Plugin PT15 (Positional Token 15)
PT15, short for Positional Token 15, is an indexing and search algorithm that leverages token position within a document to enhance search relevance.
It is inspired by Thomas Wilkerling’s work on Flexsearch.
The algorithm splits a document into tokens and stores them in 15 predefined positional buckets.
Each bucket represents a relative position within the text, scaling based on the document length.
When searching, the position of matching tokens is considered, giving higher scores to tokens found in earlier positions.
This approach prioritizes the placement of key terms, making the search results more relevant for queries where token order and position matter.
Installation
You can install the plugin using any major Node.js package manager.
Usage
This plugin will replace the default scoring algorithm (BM25) with the PT15 algorithm, making search faster and the index size smaller.
And that’s it! The Orama plugin will do the rest for you.

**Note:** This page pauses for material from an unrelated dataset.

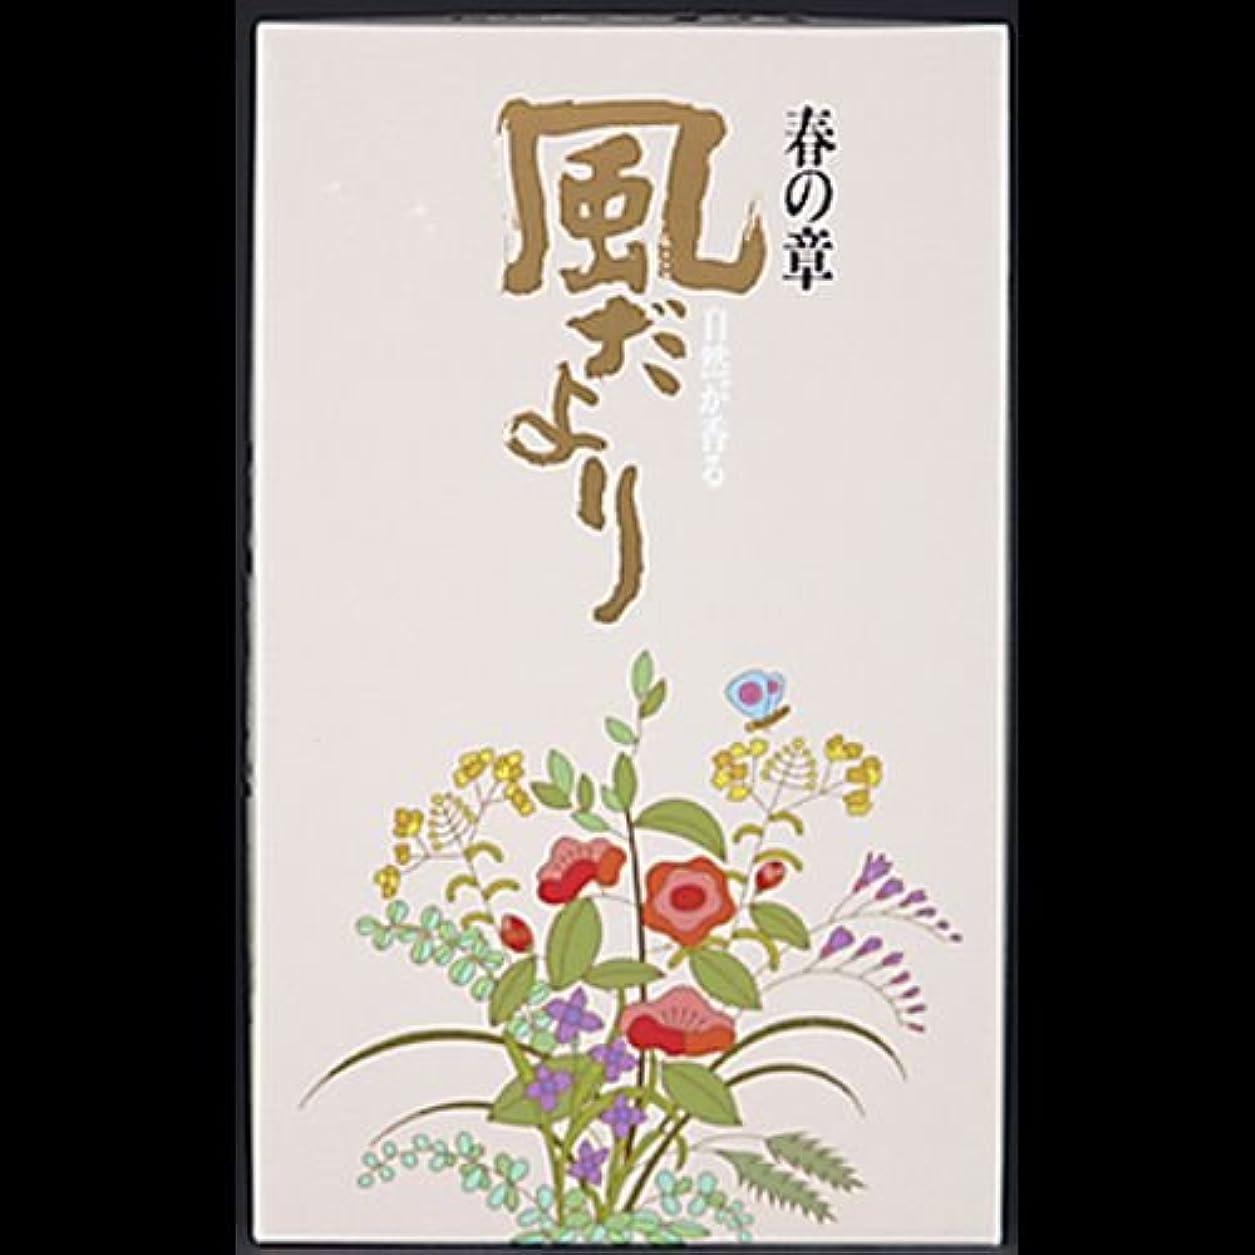 自発浪費ボーカル【まとめ買い】風だより 春の章 バラ詰 ×2セット

PT15 vs BM25, pros and cons
QPS and BM25 are two very different scoring algorithms, and they offer pros and cons depending on the use case.
PT15 Pros
-
Position-Aware Scoring: PT15 takes into account the position of tokens in a document, allowing for more contextually relevant search results, particularly in cases where the order and placement of words matter (e.g., titles or headlines).
-
Efficient Token Search: By storing tokens in predefined positional buckets, PT15 can quickly search through documents based on both token presence and position, providing fast and efficient search results.
-
Boosts Key Positions: Tokens in earlier or more prominent positions (e.g., the start of a sentence or document) can be given higher importance, which is useful for scoring queries where the position of a term plays a role in relevance.
-
Handling of Large Documents: PT15 scales token positions in documents longer than 15 tokens, ensuring that even long documents are mapped into the 15-position scheme, maintaining efficient indexing regardless of document size.
-
Partial Token Matching: PT15 can handle partial matches by storing token parts (prefixes) within each positional bucket, enabling the algorithm to support queries even if only a part of a token is present.
PT15 Cons
-
Limited to 15 Positions: With a fixed maximum of 15 positional buckets, PT15 may oversimplify token positioning for longer documents, potentially losing precision for content where token positions beyond the 15th are important.
-
Position Bias: The algorithm inherently gives higher weight to tokens that appear earlier in the document. While beneficial in some cases, this can bias the search results toward the beginning of documents, which may not always reflect true relevance for longer or complex documents.
How to choose
When deciding between PT15 and BM25, consider the nature of your content and the importance of token position in your search queries.
Use PT15 when:
- You need to prioritize the position of tokens in your search results.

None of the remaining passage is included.